The way to create our “virtual store” in memory is using "CertOpenStore". To use it in C# we need to import the DLL:

[DllImport("CRYPT32", EntryPoint
= "CertOpenStore", CharSet = CharSet.Unicode, SetLastError = true)]
        public static extern IntPtr CertOpenStore(
            int storeProvider, int encodingType,
            int hcryptProv, int flags, string pvPara);

When calling the function we need to indicate that our storeProvider is of type CERT_STORE_PROV_PKCS7 and "pvPara" will point to the data.

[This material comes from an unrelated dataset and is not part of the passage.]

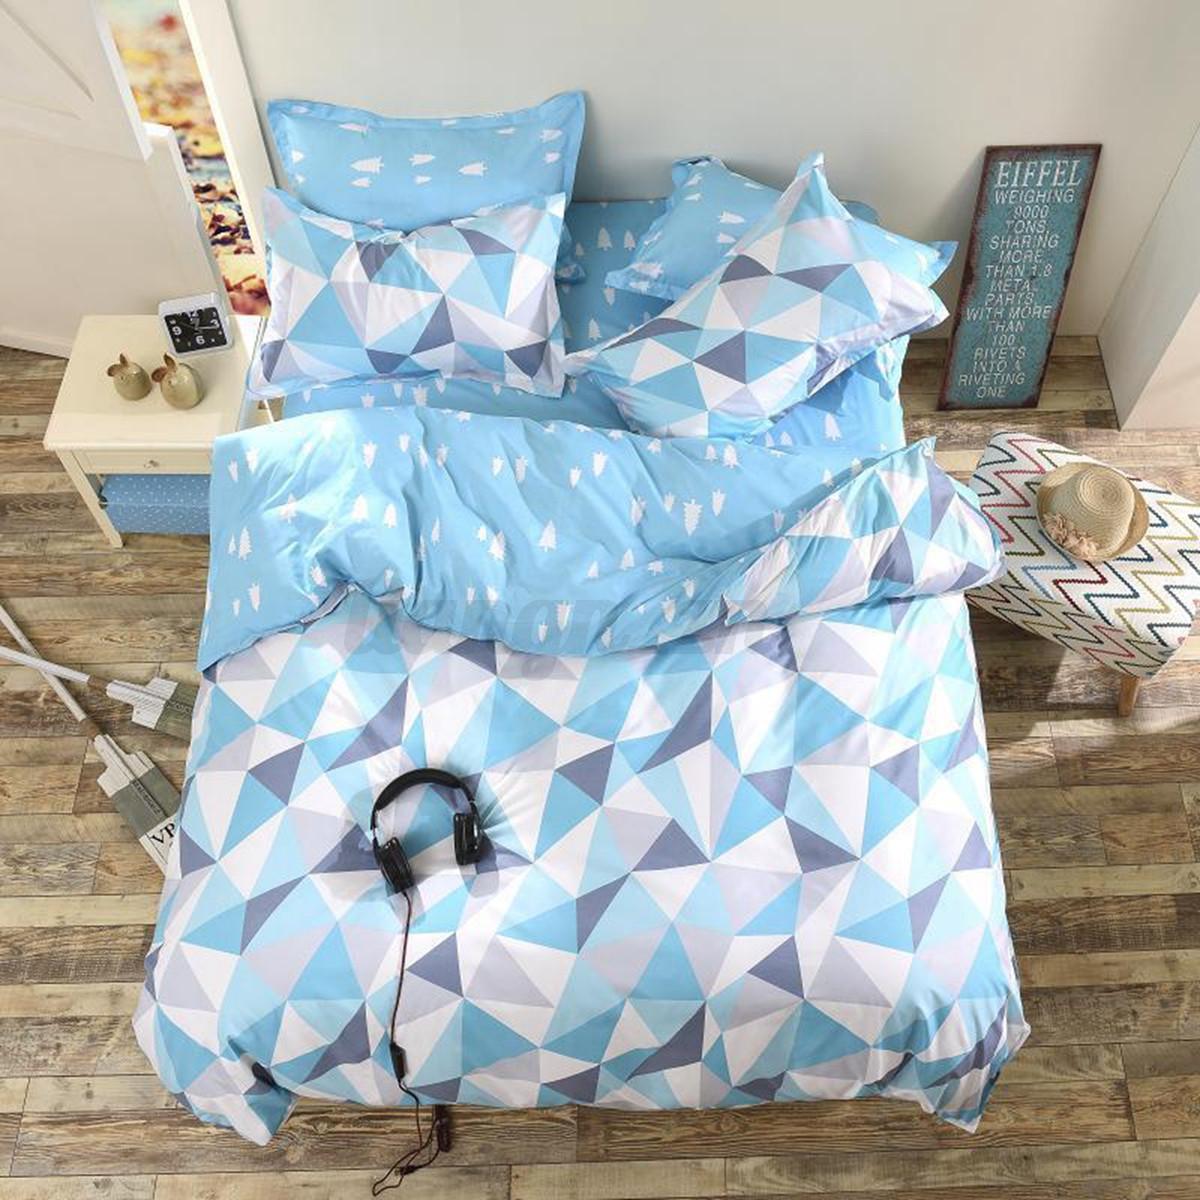 3 4pcs parure de lit housse couette drap couverture taie for Housse couverture

Apk and Jar files store the PKCS#7 structure in a RSA or DSA format. Therefore, we need to extract the PKCS#7 structure first to work with the data contained inside.

We can do this using WinCrypt and more specifically CryptQueryObject in the following way:
if (!WinCrypt.CryptQueryObject(
    out encodingType,
    out contentType,
    out formatType,
    ref certStore,         //Contiene el "Store" con los certificados.
    ref cryptMsg,        //Contiene la estructura PKCS7
    ref context))

cryptMsg contains the PKCS#7 structure that we can work with but WinCrypt kindly offers us certStore of type IntPtr that already contains the certificates, CRL (certificate revocation list) and CTL (certificate trust list) which saves us time. We can then pass certStore as an extra store to CryptUIDlgViewCertificate which will validate the main certificate against the extra store and show the result in its own window. Here is the code:

//en myCert tendremos el certificado principal
X509Certificate2 myCert = new X509Certificate2(@"X:\Ruta\Fichero.RSA");

//los extra stores que queramos usar deben pasarse como puntero al array que los contiene
var extraStoreArray = new[] { certStore };       
var extraStoreArrayHandle = GCHandle.Alloc(extraStoreArray, GCHandleType.Pinned);
var extraStorePointer = extraStoreArrayHandle.AddrOfPinnedObject();

//rellenamos la estructura con los parámetros
 certViewInfo.dwSize = Marshal.SizeOf(certViewInfo);
 certViewInfo.pCertContext = myCert.Handle;
 certViewInfo.szTitle = "Certificate Info";
 certViewInfo.dwFlags = CRYPTUI_DISABLE_ADDTOSTORE;                         
 certViewInfo.nStartPage = 0;
 certViewInfo.cStores = 1;
 certViewInfo.rghStores = extraStorePointer;
 bool fPropertiesChanged = false;

if (!CryptUIDlgViewCertificate(ref certViewInfo, ref fPropertiesChanged))
 int error = Marshal.GetLastWin32Error();

Finally we obtain the desired result and a valid certificate chain.